Saturday 23 February 2013

A community meeting

Sometimes the most mundane of events can become surreal happenings through the course of the day. Just such a day was the day before yesterday.

I often sit in on the community meetings of whatever community I happen to be in at the time (I`m not just doing my reserch in one community, as would probably be easier, but over several communities), and am almost always bored stiff. This is partly because the meetings tend go on and on, with no topic exhausted until everyone who wants to have their say has done so, and partly because the language of the meeting is almost always predominantly in Aymara or Quechua (depending on the language of the particular community in question), neither of which I am particular fluent in (though my Quechua is a lot more developed than my Aymara). For a few days I`d been staying in the house of the mallku of one particular community, and had told him that I would like to attend the community meeting, as the topics he told me he was going to raise sounded pertinent to my area of research. The mallku´s (8-year old) son incidentally makes for an interesting conversation partner because he pronounces the consonant of every word as the sound "n", so for example the question "what`s your name?"becomes "non no nane". But I digress.

Anyway, we arrived at the meeting at around 11, I shook everyone's hand as I went in, and was prompted by my friend, the mallku, the introduce myself. Although I probably could have adequately introduced myself in Quechua, my mind went blank, and I spoke in Spanish; I panicked a little bit and as usual on these wanted to say far more than I needed to. I could see the various members of the community were looking at the floor, and in any direction rather at me and I got the hint that I should probably just shut up and sit down. I sat down on the floor, where I had had to sit when I came in because there were no available seats. I felt a bit odd sitting on the floor, and was aware that I may have been thought odd for doing so, as all of the men were sitting on chairs and as was customary, only the women were sitting on the floor. The morning part of the meeting didn't last for too long though, and at 12.30 we went back to the mallku's house for lunch. He acted as interpreter, while his son spoke to me in what to all intents and purposes was complete gobbledygook.

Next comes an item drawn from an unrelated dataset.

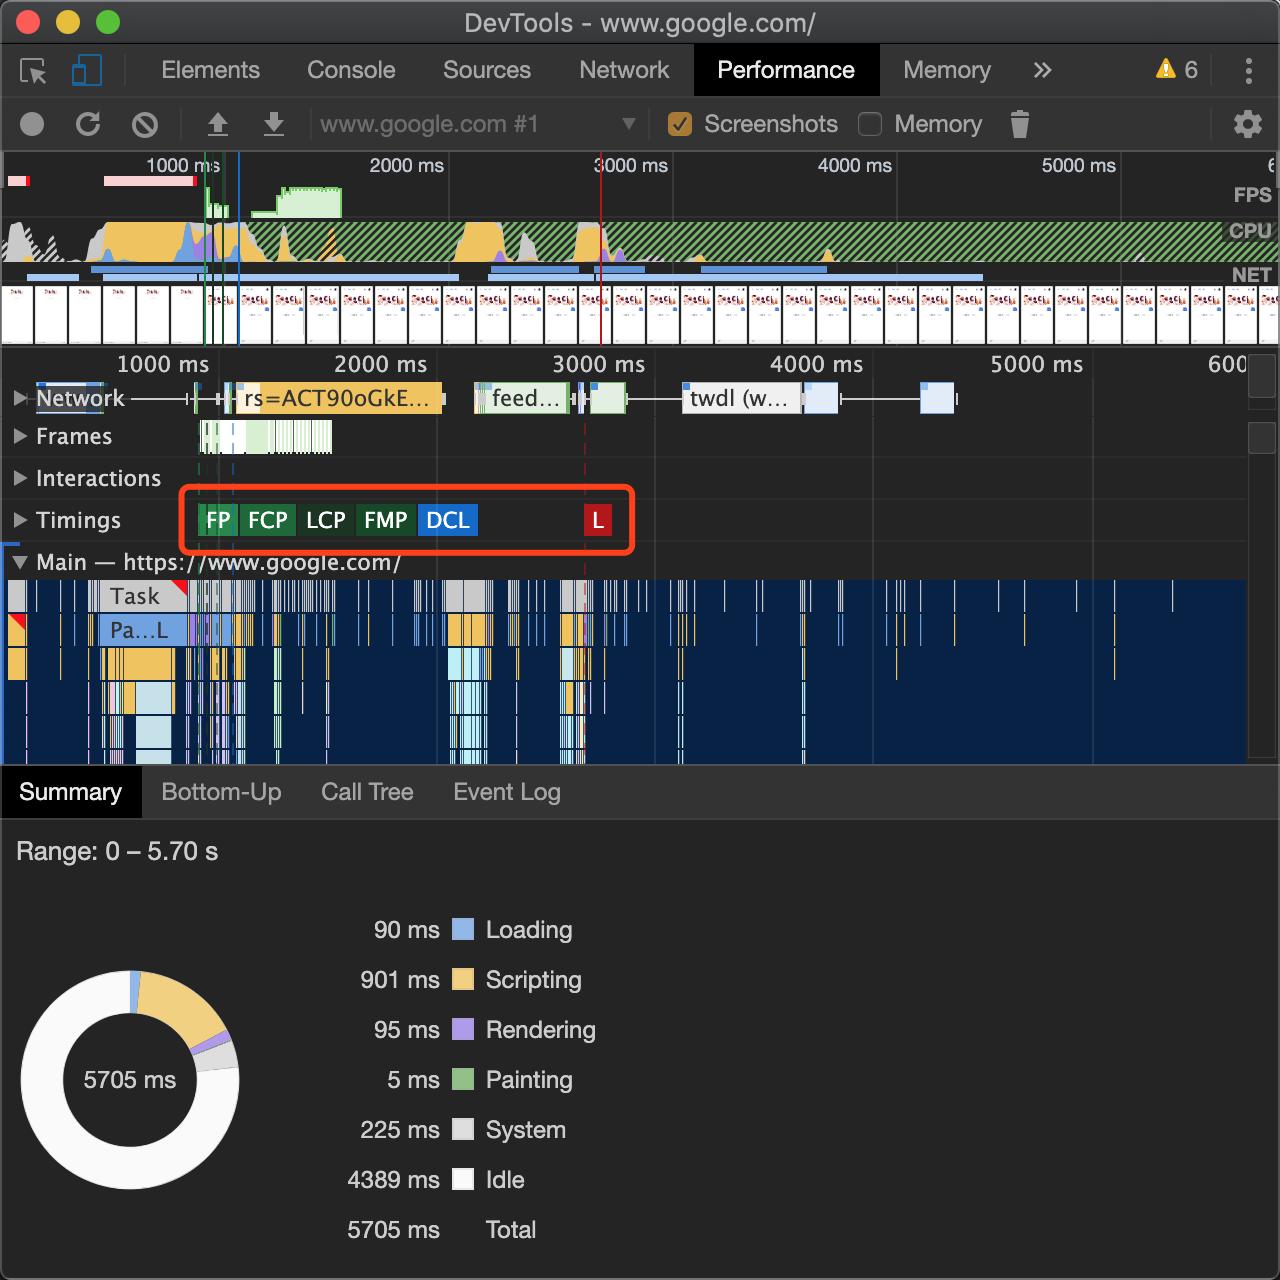 图2 - Chrome DevTools 报告

After lunch I was surprised to find that the meeting had resumed outside, rather than in the village hall. I was surprised chiefly because for a good portion of the morning it had rained, and I suspected that in the afternoon it might very well do the same. My suspicions bore fruit within the hour. However, I was surprised to find that despite the rain, the authorities, who were conducting the meeting sat at a table in the field lying in the middle of the community, continued despite getting increasingly wet, one of the curling up almost into a ball in a futile effort to protect himself. As the rain showed no sign of abating, more and more or the community members, and eventually the authorities as well, took refuge by standing on a ledge under the overhang of a roof. Before too long every one of the members of the community was standing underneath the roof, with the backs to the wall, facing the rain. This was how the meeting was conducted from then on. One person would speak, as if addressing the rain, then another to his left or right would reply, again as if giving a discourse towards the weather conditions. I thought it seemed like something from a Monty Python sketch. When the meeting was eventually over (after about two or three hours of soggy debate), I asked the mallku why they hadn't just gone inside the hall. "The authorities wanted to take advantage of the rain in order to finish early" I was told.

Sunday 10 February 2013

Alpaca clothing for sale

The alpaca farmers that I am doing my research with would like to sell you stuff. To be more precise, they would like to sell you some of their alpaca clothing. Below I will put some pictures of the clothing; if you like the look of any of it and want to pay me the requisite amount when I return to the UK (if that is indeed where you live), then I can bring something back for you. It´s very good quality, and because it´s direct from the suppliers it´s a pretty good price (I´ve added a little on to make it worth my while, but not much - I think it would still be cheaper than you´d find even in shops in La Paz).

Alpaca poncho: 70 quid

Alpaca scarf: 25 quid
Alpaca wristbands: 4 quid
Shawl: 40 quid (obviously this is supposed to be worn by a woman)

Kiddies hoodie 



It´s a sign!

 
Sometimes I see things that make me think: "only in Bolivia". It was just such a time when I saw this signpost on the corner of 16 de Julio and Herionas in Cochabamba.
 
 
For those who don´t understand Spanish, one sign reads "COCHABAMBA SAFE CITY", while the other reads "DANGER!"